Беглец созерцал представившуюся картину не более двадцати секунд, словно бы зачарованный разглядывая необычную в привычном мире картину, после чего с возгласом: «У, «мать его в душу…», пропади оно всё пропадом!» – кинулся бежать дальше. Странный человек, опустившийся в социальном смысле, перебирал заплетавшимися, хромыми ногами, двигаясь вперед, ничего перед собой не видя и совершенно не размышляя, куда пролегает его путь в последующем и куда ведет его страшный, если не говорить потусторонний, феномен; неудивительно, что когда он оказался на самом краю внезапно закончившегося проулка, то уперся прямиком в городское кладбище, существовавшее здесь еще со времен располагавшейся рядом древней языческой деревушки, заселенной еще в тринадцатом веке. Итак, кульминация была очевидна, и вот как раз сейчас отброс современного общества отчетливо понял – и это не вызывало сомнений! – что к страшному месту его привели по жуткому, просто холодившему в жилах кровь, назначению.
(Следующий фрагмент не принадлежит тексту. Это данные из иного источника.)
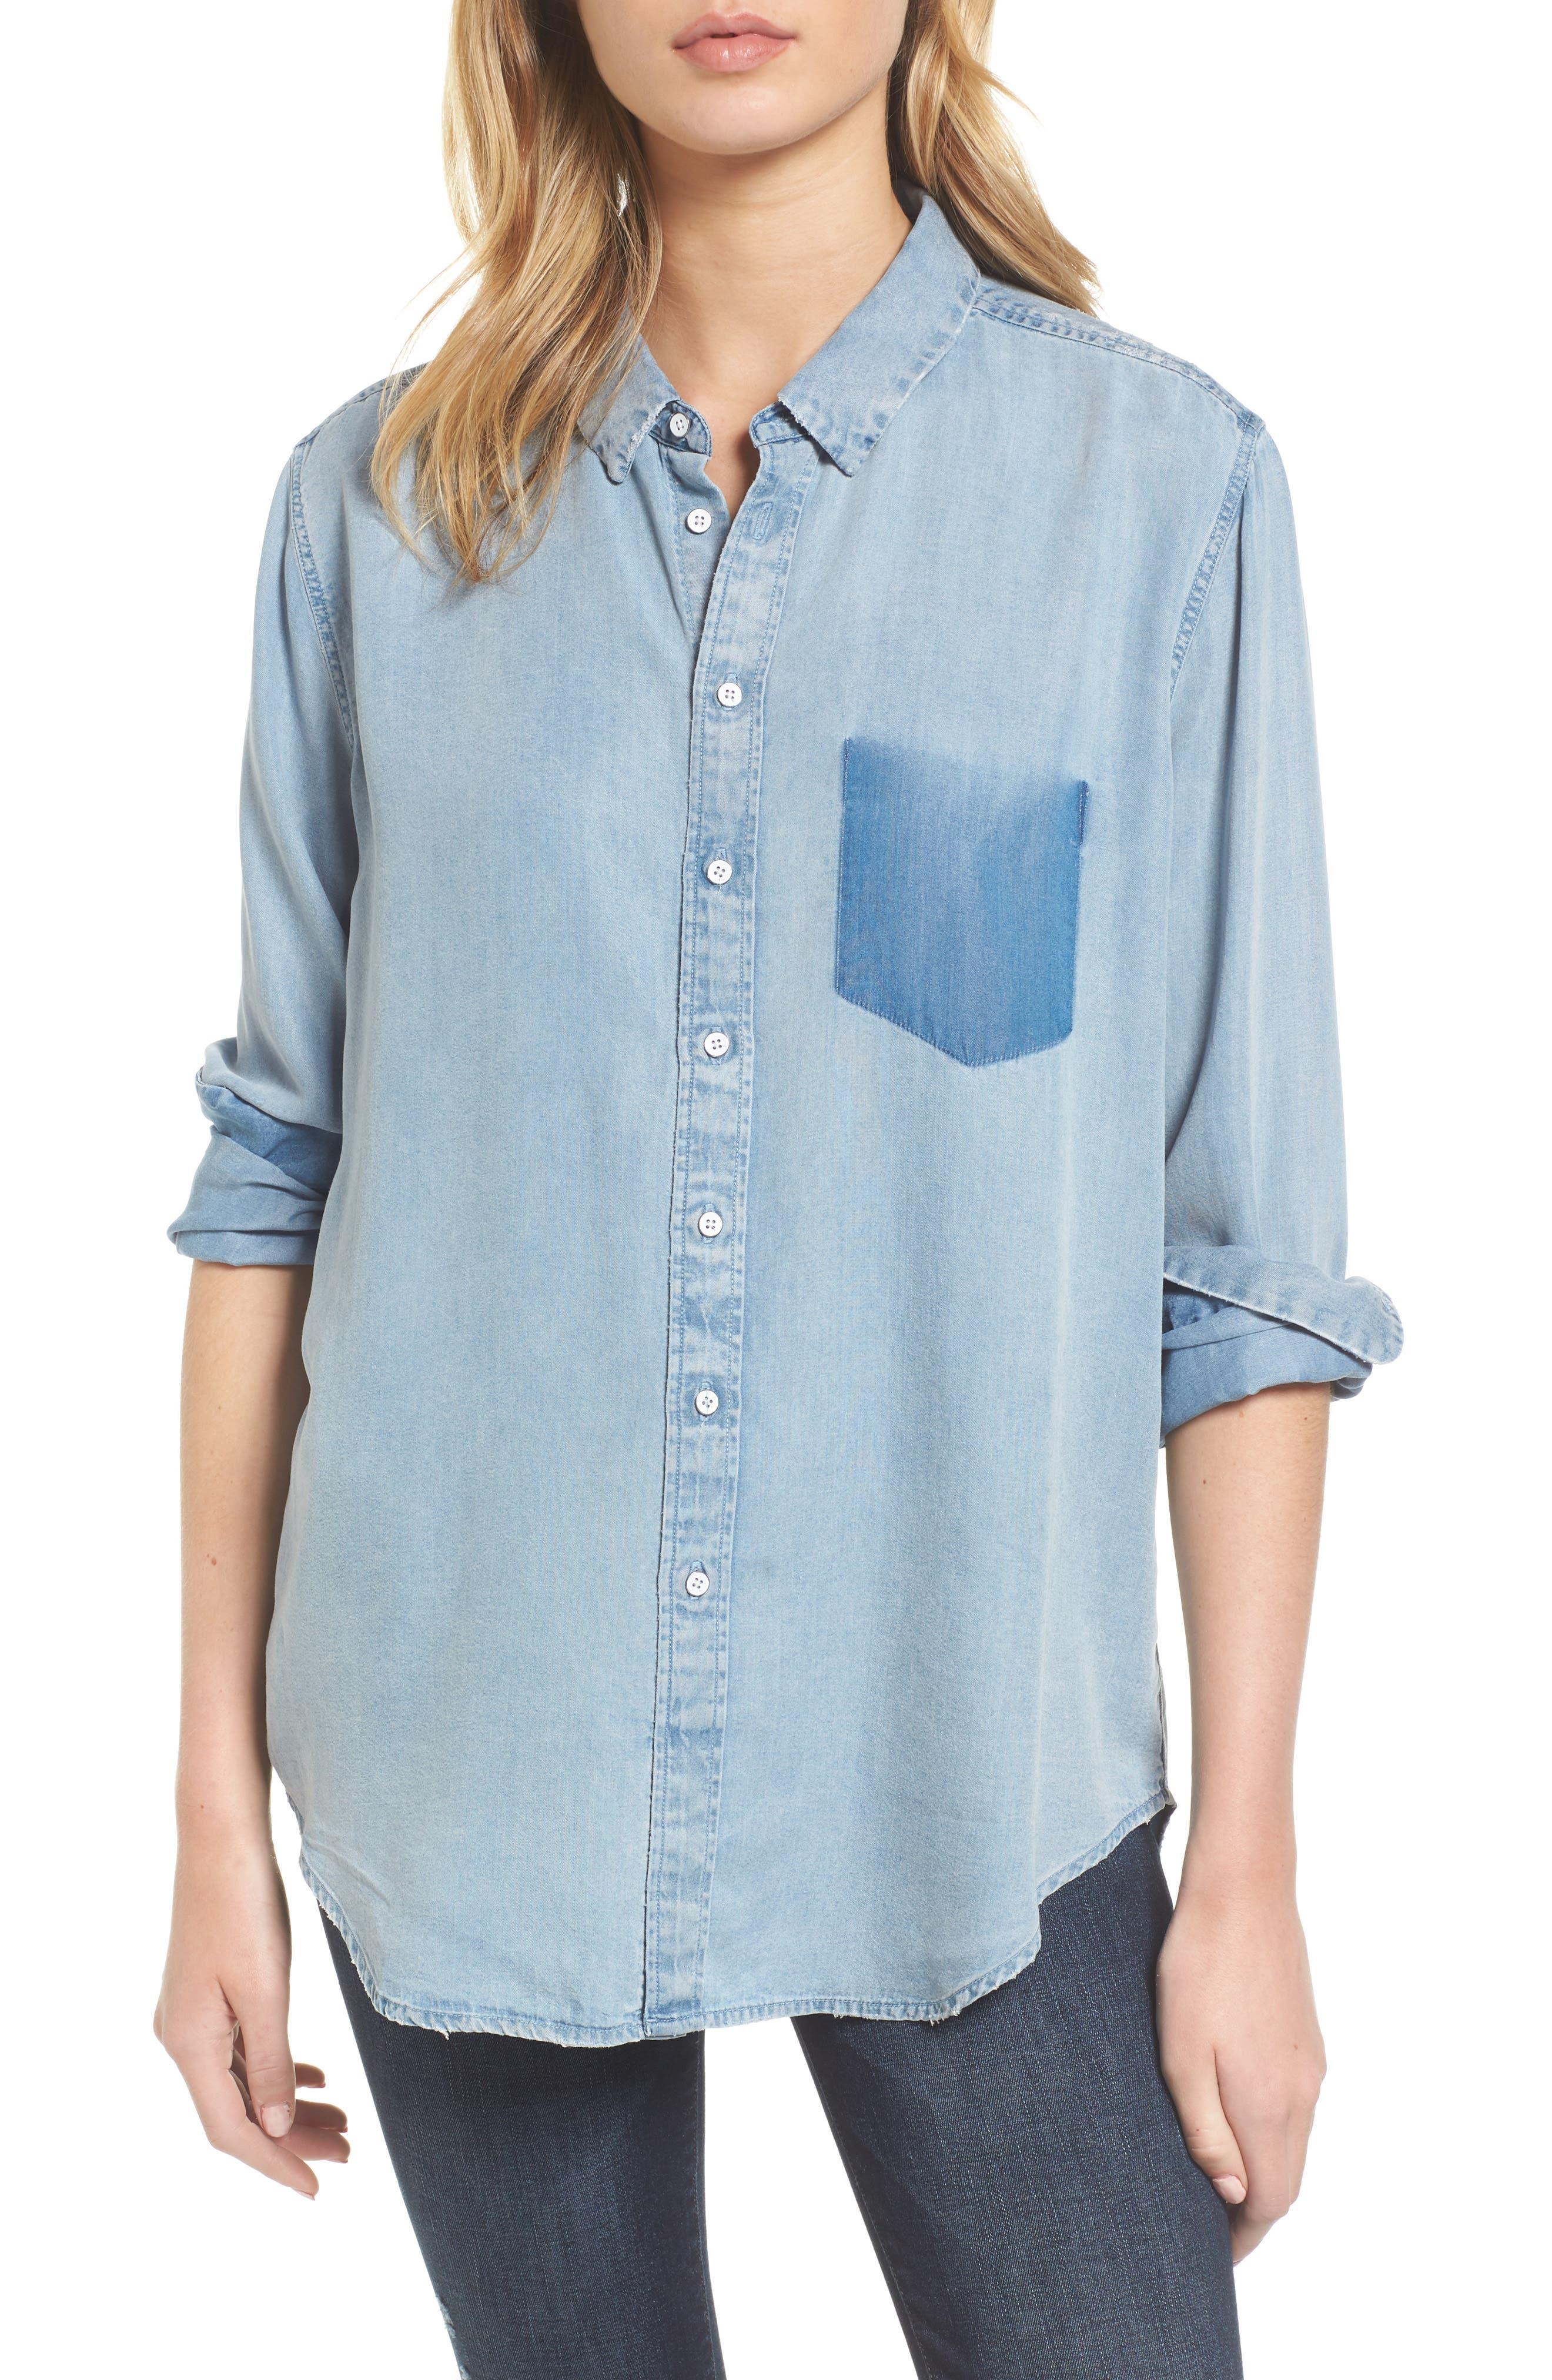 x The Blue Shirt Shop Nassau & Manhattan Boyfriend Shirt,                             Main thumbnail 1, color,

Однако поворачивать и искать другую дорогу времени не было, так как следовавшая сзади «адская машина» приближалась все ближе, неотвратимо загоняя его на территорию нагоняющего ужас погоста; выбора не было, и пропахший въевшимися в тело смрадной вонью и страхом бомж ступил на пугавшую «до коликов в желудке» часть местности (ограждения не было и поступить так было совсем нетрудно). А что же так называемое «дьявольское устройство»? Оно словно бы только и ждало сотворения жеста отчаяния, как будто бы именно он и был ему нужен; слегка увеличив среднюю скорость, «сатанинское приспособление» устремилось вслед за загнанной жертвой.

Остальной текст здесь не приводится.